I, too, sing Beauty

I am the darker girl.
They said I was “pretty to be dark”
When I open a magazine or stroll the street,
But I laugh,
And look within,
And move on.

Burgundy, plum and gold once ruled the makeup bags of dark-skinned girls. Vivid colors were deemed unflattering to ebony complexions and sales associates at our favorite beauty counters frowned upon purchases.

Industry embraced and culturally dismissed

Much like the late Pop artist Andy Warhol, dark-skinned Black women were first abhorred for their use of color and later praised for it. Now popular glossies highlight the hottest makeup trends guiding its readers through the illustrious world of Pat McGrath, a Black makeup artist whose resume includes Lanvin, Dolce & Gabbana and most recently, Procter & Gamble, where she serves as the Global Creative Design Director.

Black women have a tormented past with makeup. Our ability to find new and edgy lip colors and foundations with a flawless match is a relatively modern idea.

Today dark-skinned girls rock fluorescent colors and dare anyone to say something. And they often do. These fearless women face resistance from the old guard and at times, family and friends.

How do we move beyond a contentious past with skin tone and makeup?

Taking the bold & brighter step
Every woman has a cool or warm undertone in her skin. It determines what colors look great against your skin and what just won’t work.
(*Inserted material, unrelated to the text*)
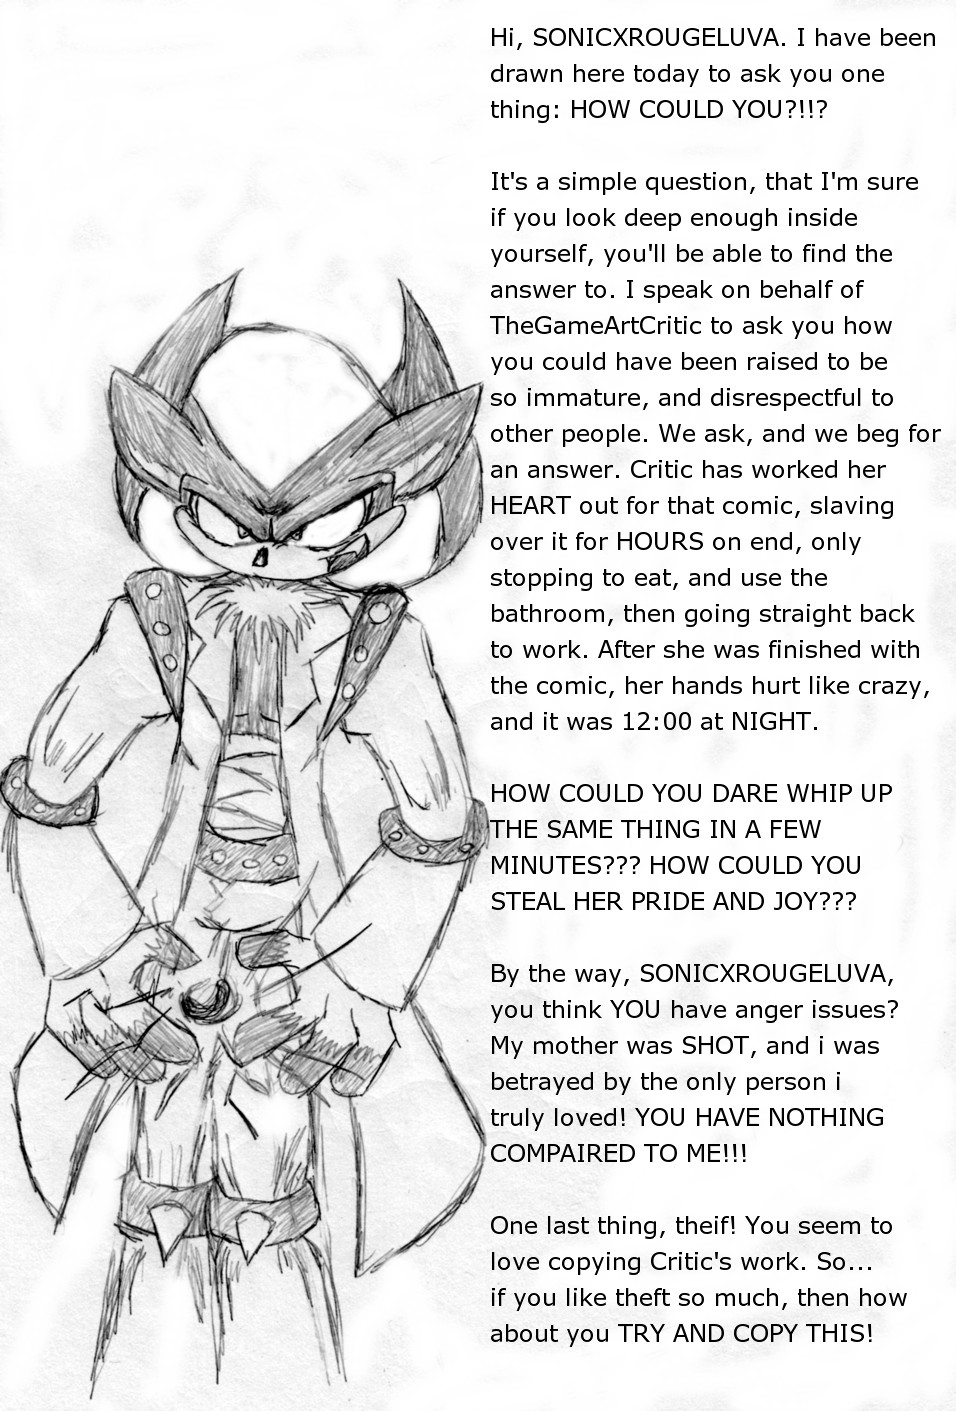 A Message for SONICXROUGELUVA (gift for SONICXROUGELUVA) by TheGameArtCritic

To find your skin’s undertone, look at the vein closest to your palm– if it appears bluish, you have a cool undertone– if it’s greenish, you have a warm undertone.

So when you’re trying on colors, look for its coolness or warmness instead of focusing solely on its pigment, as there are just as many cool oranges as there are warm pinks.

These 10 shades are summer-ready


Wet n Wild Silk Finish in ‘Hot Paris Pink’ – $1
M.A.C in ‘Girl About Town’ – $14
Urban Decay in ‘Jilted’ – $22
Shu Uemura Rouge Unlimited Pink Collection in ‘Sheer Electric Pink’ – $23
Nars in ‘Funny Face’ – $24


Milani in ‘Mandarina’ – $4.99
Sephora Rouge Collection in ‘It Girl’ – $12
Lancôme Color Design in ‘Studded’ – $22
Shiseido Perfect Rouge in ‘Day Lily’ – $25
Yves Saint Laurent Rouge Volupté in ‘Indian Orange‘ – $34

Do you think bright colors are still taboo for dark-skinned girls?

Have you ever had a negative experience with a beauty counter or family/friend when trying brighter shades?